To justify habeas relief based on legal error, a state court's merits-based decision must be “contrary to, or an unreasonable application of, clearly established Federal law, as determined by the Supreme Court of the United States” before relief may be granted. 28 U.S.C. §2254(d)(1). There is no such clearly established federal law. Rather, as noted by Respondents, the U.S. Supreme Court has yet to recognize a freestanding claim of actual innocence in a non-death penalty case. (Response, Doc. 53 at 4 (citing Prescott v. Santoro, 53 F.4th 470, 482 (9th Cir. 2022)).) Indeed, in Herrera v.
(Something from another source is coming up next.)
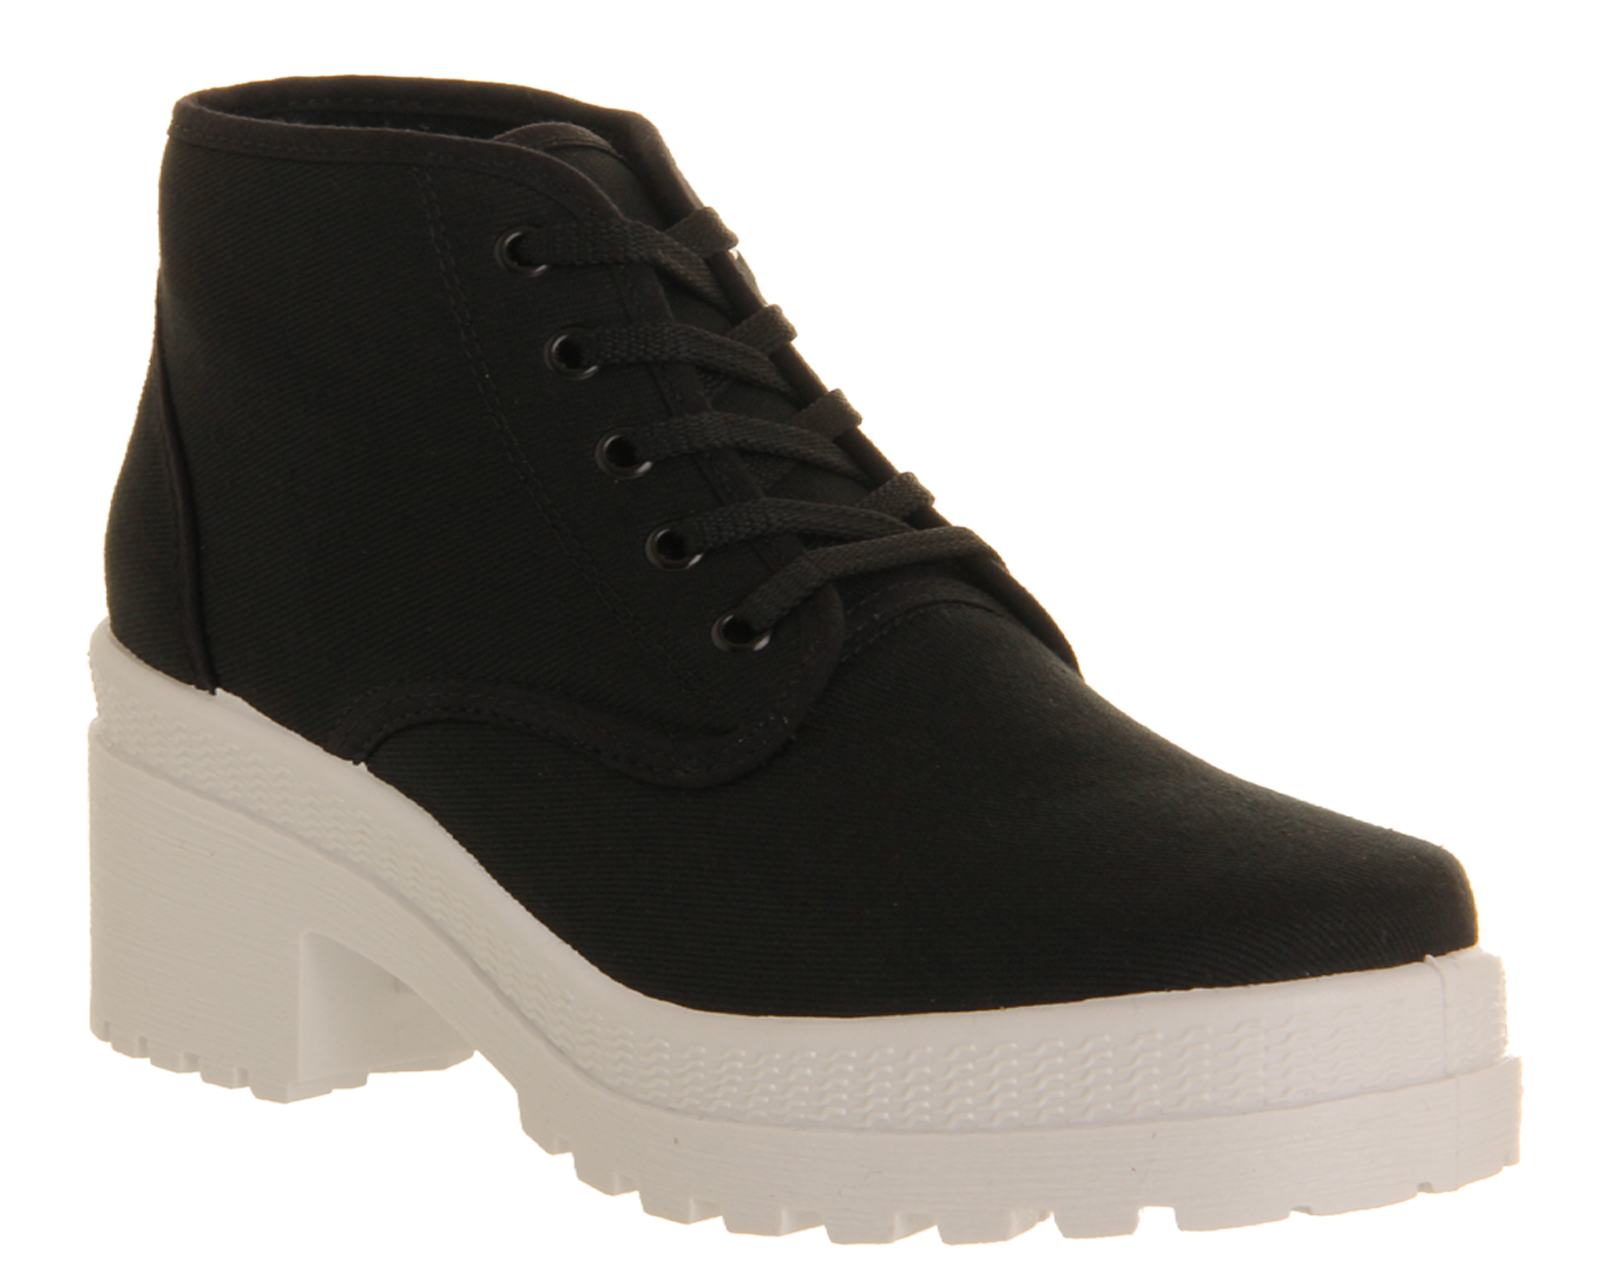 OFFICEChuck Canvas Chunky Lace UpBlack Canvas White Sole

Collins, 506 U.S. 390 (1993), the Supreme Court observed that "[c]laims of actual innocence based on newly discovered evidence have never been held to state a ground for federal habeas relief absent an independent constitutional violation occurring in the underlying state criminal proceedings This rule is grounded in the principle that federal habeas courts sit to ensure that individuals are not imprisoned in violation of the Constitution -- not to correct errors of fact." Id. at 400.
Moreover, Petitioner has posited nothing to show sufficient factual error, i.e. that the state court's decision “was based on an unreasonable determination of the facts in light of the evidence presented in the State court proceeding." 28 U.S.C. § 2254(d)(2). "[A] federal court may not second-guess a state court's fact-finding process unless, after review of the state-court record, it determines that the state court was not merely wrong, but actually unreasonable." Taylor v. Maddox, 366 F.3d 992, 999 (9th Cir. 2004).
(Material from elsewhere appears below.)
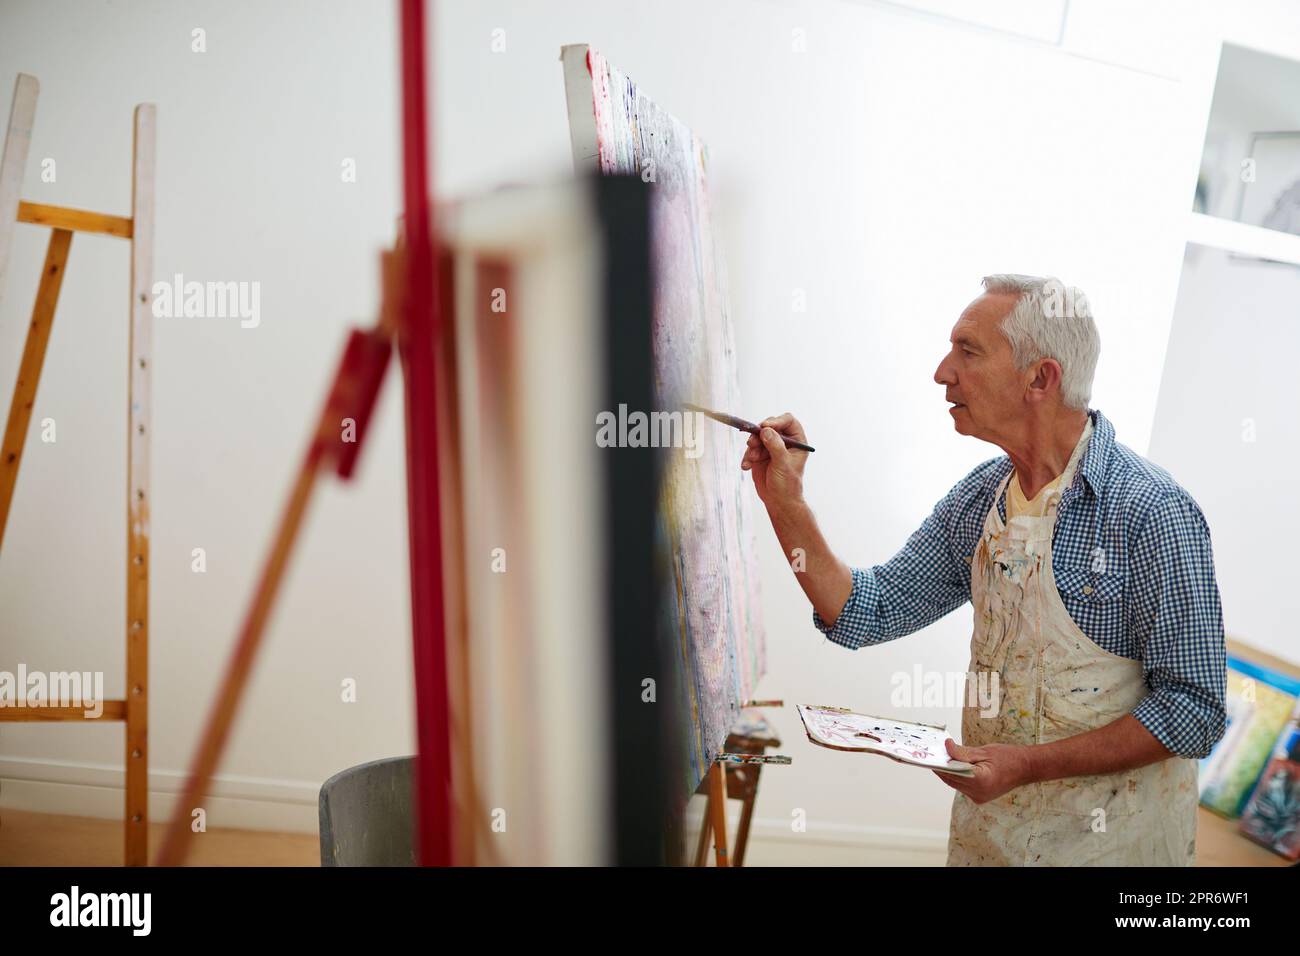 Art is the proper taste of life. Shot of a senior man working on a painting at home. Stock Photo

Accordingly, assertion of Petitioner's proposed Ground Six would be utile because the claim would be without merit.
D. RECOMMENDATIONS
IT IS THEREFORE RECOMMENDED Petitioner's Motion to Amend (Doc. 48) be DENIED.
E. EFFECT OF RECOMMENDATION
This recommendation is not an order that is immediately appealable to the Ninth Circuit Court of Appeals. Any notice of appeal pursuant to Rule 4(a)(1), Federal Rules of Appellate Procedure, should not be filed until entry of the district court's judgment.
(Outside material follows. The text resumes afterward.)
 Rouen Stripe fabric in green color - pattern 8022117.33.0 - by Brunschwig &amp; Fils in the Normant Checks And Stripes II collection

However, pursuant to Rule 72, Federal Rules of Civil Procedure, the parties shall have fourteen (14) days from the date of service of a copy of this recommendation within which to file specific written objections with the Court. Thereafter, the parties have fourteen (14) days within which to file a response to the objections. Failure to timely file objections to any findings or recommendations of the Magistrate Judge will be considered a waiver of a party's right to de novo consideration of the issues, see United States v. Reyna-Tapia, 328 F.3d 1114, 1121 (9th Cir. 2003) (en banc), and will constitute a waiver of a party's right to appellate review of the findings of fact in an order or judgment entered pursuant to the recommendation of the Magistrate Judge, Robbins v. Carey, 481 F.3d 1143, 1146-47 (9th Cir. 2007).
In addition, the parties are cautioned Local Civil Rule 7.2(e)(3) provides that “[u]nless otherwise permitted by the Court, an objection to a Report and Recommendation issued by a Magistrate Judge shall not exceed ten (10) pages.”